Hello PyTorch-Community,
i am very new to PyTorch and I try to get this Segmentaton Network running on my Notebook with Geforce GTX 1650. I’d be glad if you can give me hints.
The following error occurs:
RuntimeError: CUDA out of memory. Tried to allocate 450.00 MiB (GPU 0; 3.82 GiB total capacity; 2.08 GiB already allocated; 182.75 MiB free; 609.42 MiB cached)
It obviously means, that i dont have enough memory on my GPU. But I dont understand why, because 3.8GB - 2GB - 600MB = 1.2GB free space != 180MB . In similar Questions people say, that this is due to fragmentation.

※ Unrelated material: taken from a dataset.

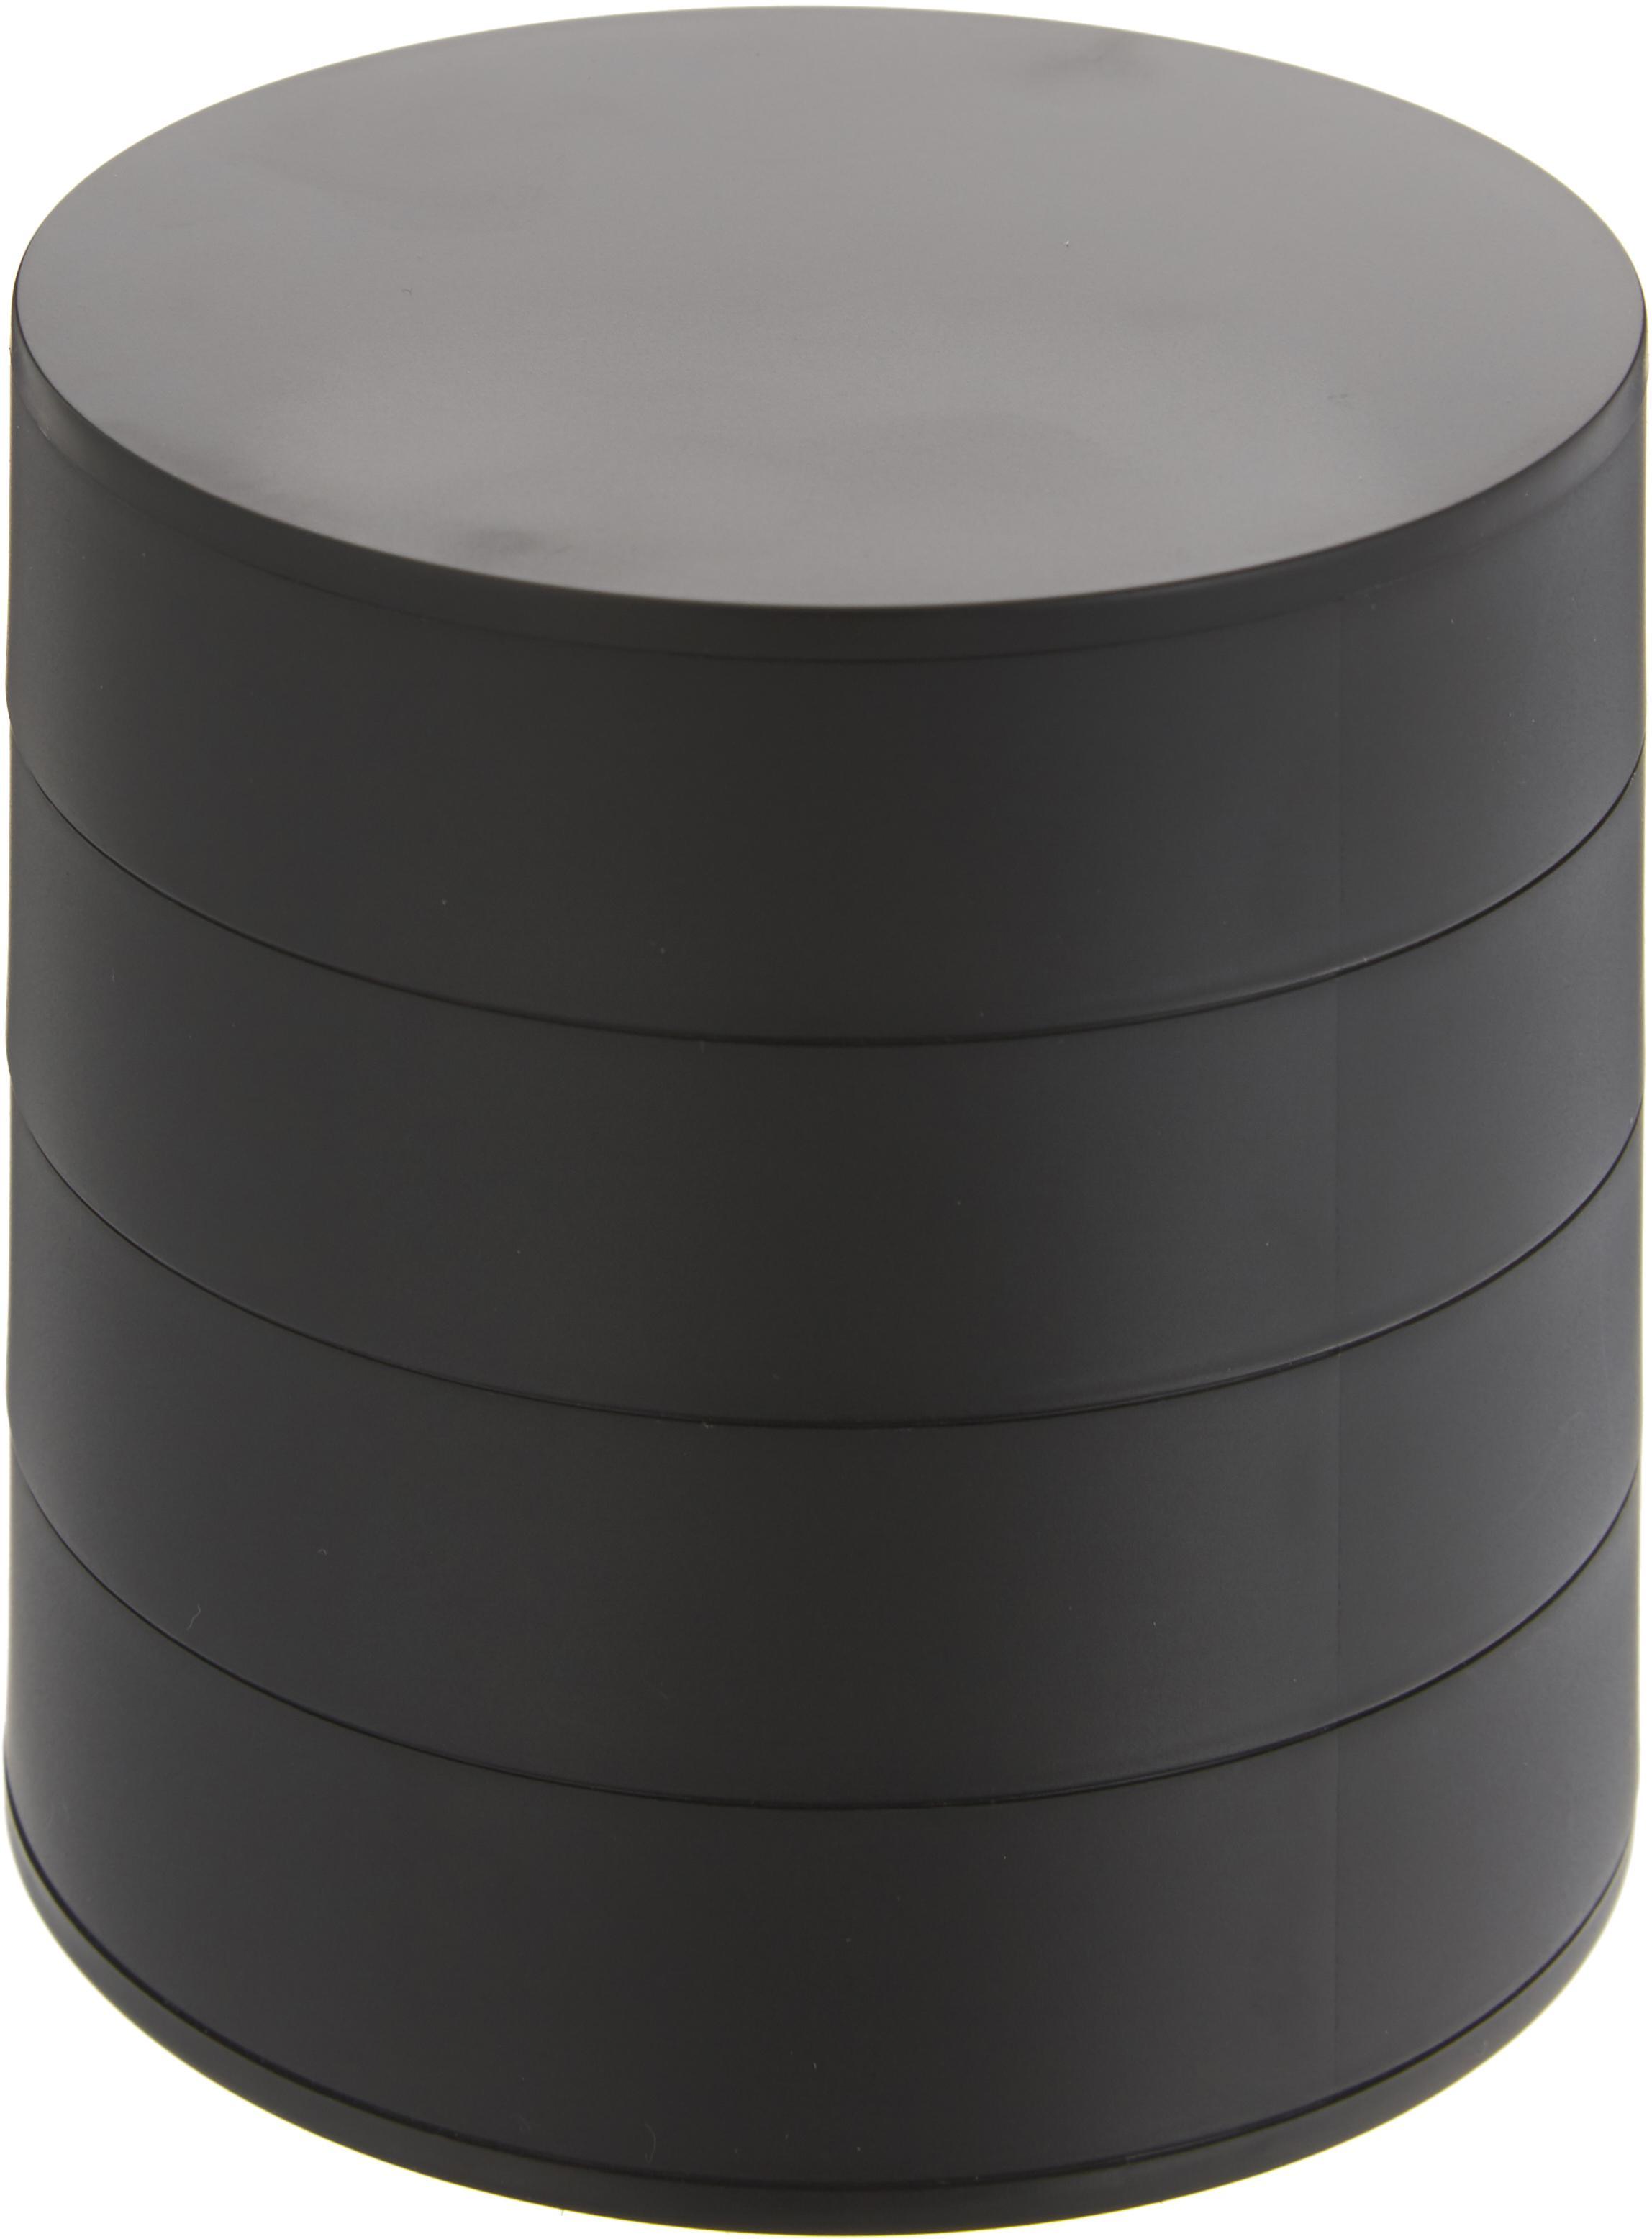 Joyero Tower, Interior: terciopelo de poliéster, Negro, Ø 10 x Al 10 cm
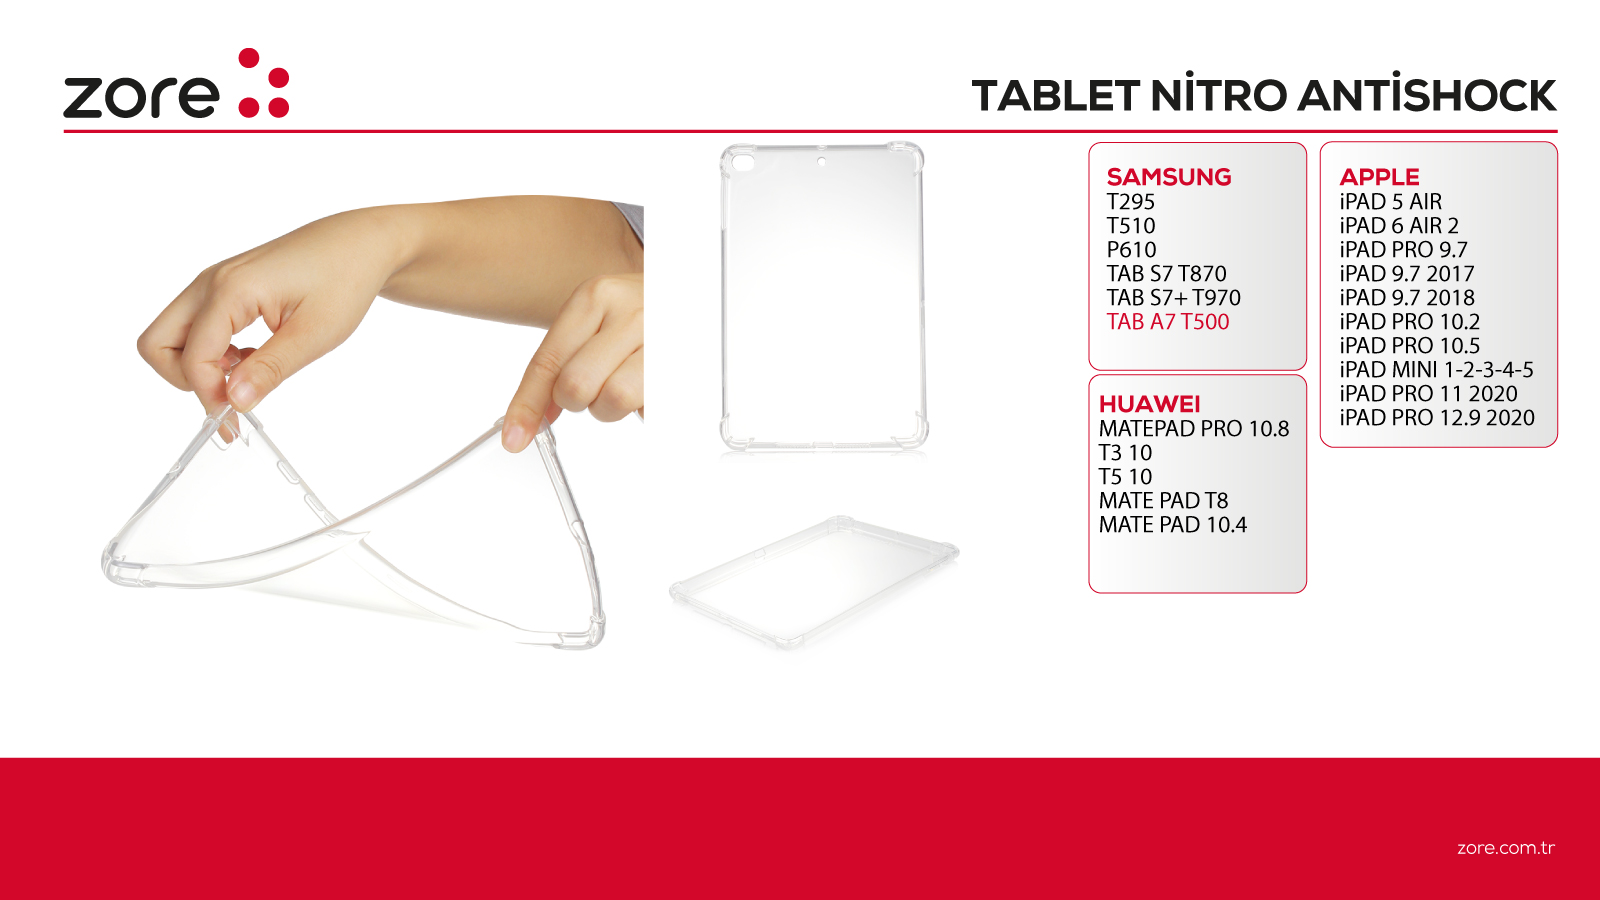 tablet nitro.jpg (275 KB)

But how does this make sense, i only load a pretrained model to my GPU? Where do the 2GB occupied space come from?
Then I open up nvidia-smi, which makes me wonder even more, as it says that only 10% are occupied:
+-----------------------------------------------------------------------------+
| NVIDIA-SMI 435.21 Driver Version: 435.21 CUDA Version: 10.1 |
|-------------------------------+----------------------+----------------------+
| GPU Name Persistence-M| Bus-Id Disp.A | Volatile Uncorr. ECC |
| Fan Temp Perf Pwr:Usage/Cap| Memory-Usage | GPU-Util Compute M. |
|===============================+======================+======================|
| 0 GeForce GTX 1650 Off | 00000000:01:00.0 Off | N/A |
| N/A 47C P8 1W / N/A | 285MiB / 3914MiB | 10% Default |
+-------------------------------+----------------------+----------------------+
+-----------------------------------------------------------------------------+
| Processes: GPU Memory |
| GPU PID Type Process name Usage |
|=============================================================================|
| 0 1214 G /usr/lib/xorg/Xorg 28MiB |
| 0 1720 G /usr/lib/xorg/Xorg 105MiB |
| 0 1984 G /usr/bin/gnome-shell 103MiB |
+-----------------------------------------------------------------------------+
Im also using PyTorch 1.1 with Torchvision 0.3, the network does not function with newer versions due some boolean changes.
Here is a short summary of whats called (i execute this script):
# (...)
model = DistributedDataParallel(model.cuda(device), device_ids=[device_id], output_device=device_id)
# (...)
model.eval()
# (...)
# Output of torch.cuda.memory_allocated: 512089088 (512,089,088 bytes)
for it, batch in enumerate(dataloader): # Batch Size 1
with torch.no_grad():
# (...)
torch.cuda.empty_cache() # Does not change allocated memory
# Here RuntimeError occurs:
_, pred, _ = model(img=img, do_loss=False, do_prediction=True)
I use pretrained weights and don’t have the resources to train it from scratch with a different architecture. Maybe the model is too large for my GPU, but it only needs 500MB in the beginning + 450MB when doing predicition?. How can it be, that it does not fit on my GPU?
I’d be glad if you have any further tips i can investigate in.
Benjamin